In-vitro fertilisation (IVF)
❖ In the absence of an absolute indication for IVF ± ICSI, women with PCOS and anovulatory infertility could be offered IVF if first or second line ovulation induction therapies have failed.
❖ In women with anovulatory PCOS, the use of IVF is effective and when elective single embryo transfer is used multiple pregnancies can be minimised.
❖Urinary or recombinant follicle stimulation hormone can be used in women with PCOS undergoing controlled ovarian hyperstimulation for IVF ± ICSI, with insufficient evidence to recommend specific FSH preparations
❖ Exogenous recombinant luteinising hormone treatment should not be routinely used in combination with follicle stimulating hormone therapy in women with PCOS undergoing controlled ovarian hyperstimulation for IVF ±ICSI
❖ A gonadotrophin releasing hormone antagonist protocol is preferred in women with PCOS undergoing an IVF ± ICSI cycle, over a gonadotrophin releasing hormone agonist long protocol, to reduce the duration of stimulation, total gonadotrophin dose and incidence of ovarian hyperstimulation syndrome (OHSS)
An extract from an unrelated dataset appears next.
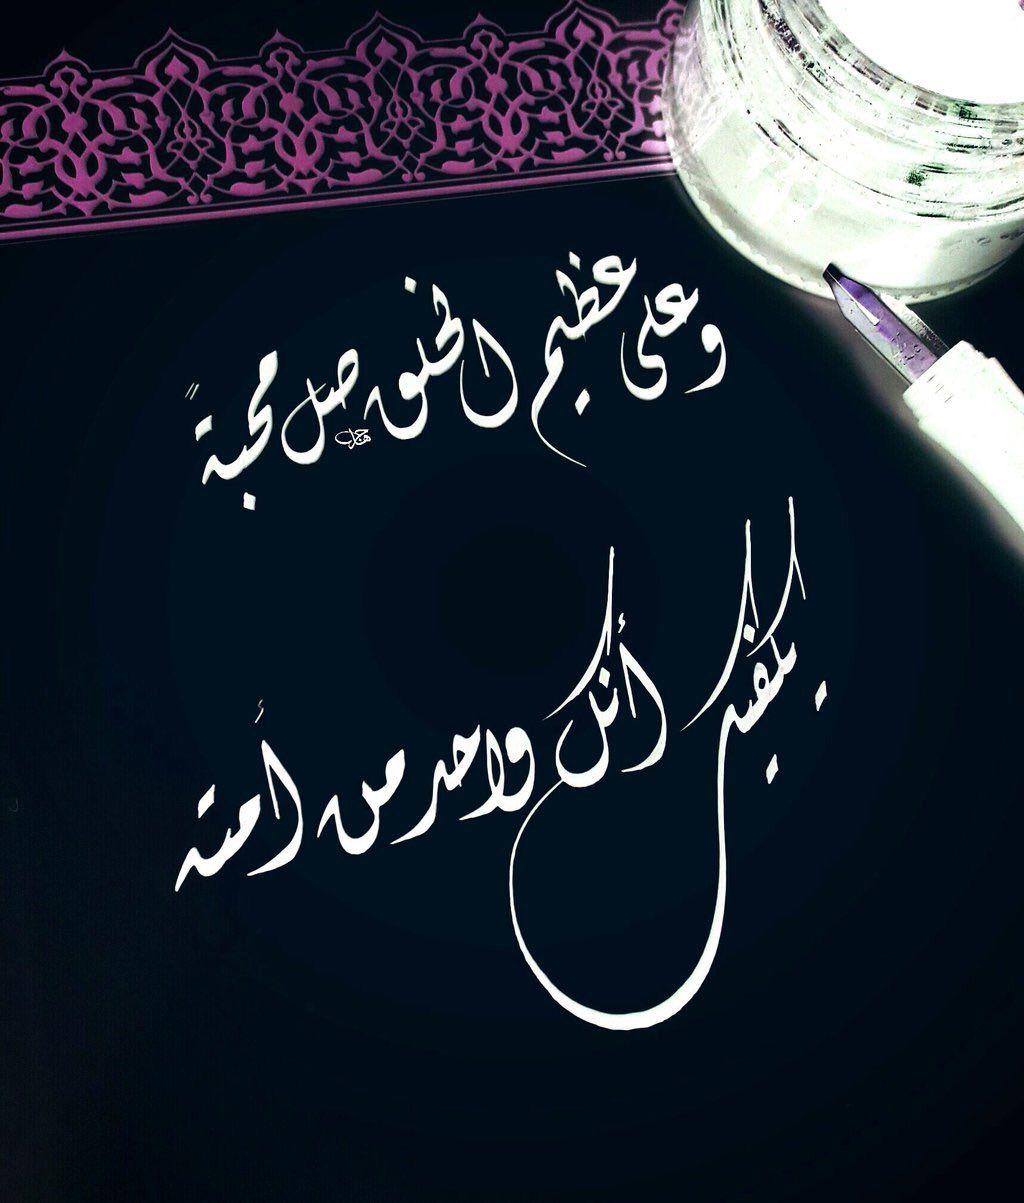 Twitter Islamic Calligraphy Spiritual Stories Photo Quotes

❖ Human chorionic gonadotrophins should be used at the lowest doses to trigger final oocyte maturation in women with PCOS undergoing an IVF ± ICSI cycle to reduce the incidence of OHSS
❖ Triggering final oocyte maturation with a GnRH agonist and freezing all suitable embryos could be considered in women with PCOS having an IVF/ICSI cycle with a GnRH antagonist protocol and at an increased risk of developing OHSS or where fresh embryo transfer is not planned
❖ In IVF ± ICSI cycles using the gonadotrophin releasing hormone antagonist protocol in women with PCOS, consideration should be given to an elective freeze of all embryos
❖ Adjunct metformin therapy could be used before and/or during follicle stimulating hormone ovarian stimulation in women with PCOS undergoing a IVF ± ICSI therapy with a gonadotrophin releasing hormone agonist protocol and antagonist protocol, to improve the clinical pregnancy rate and reduce the risk of OHSS
❖ In units with sufficient expertise, IVM could be offered to achieve pregnancy and livebirth rates approaching those of standard IVF ± ICSI treatment without the risk of OHSS for women with PCOS, where an embryo is generated, then vitrified and thawed and transferred in a subsequent cycle.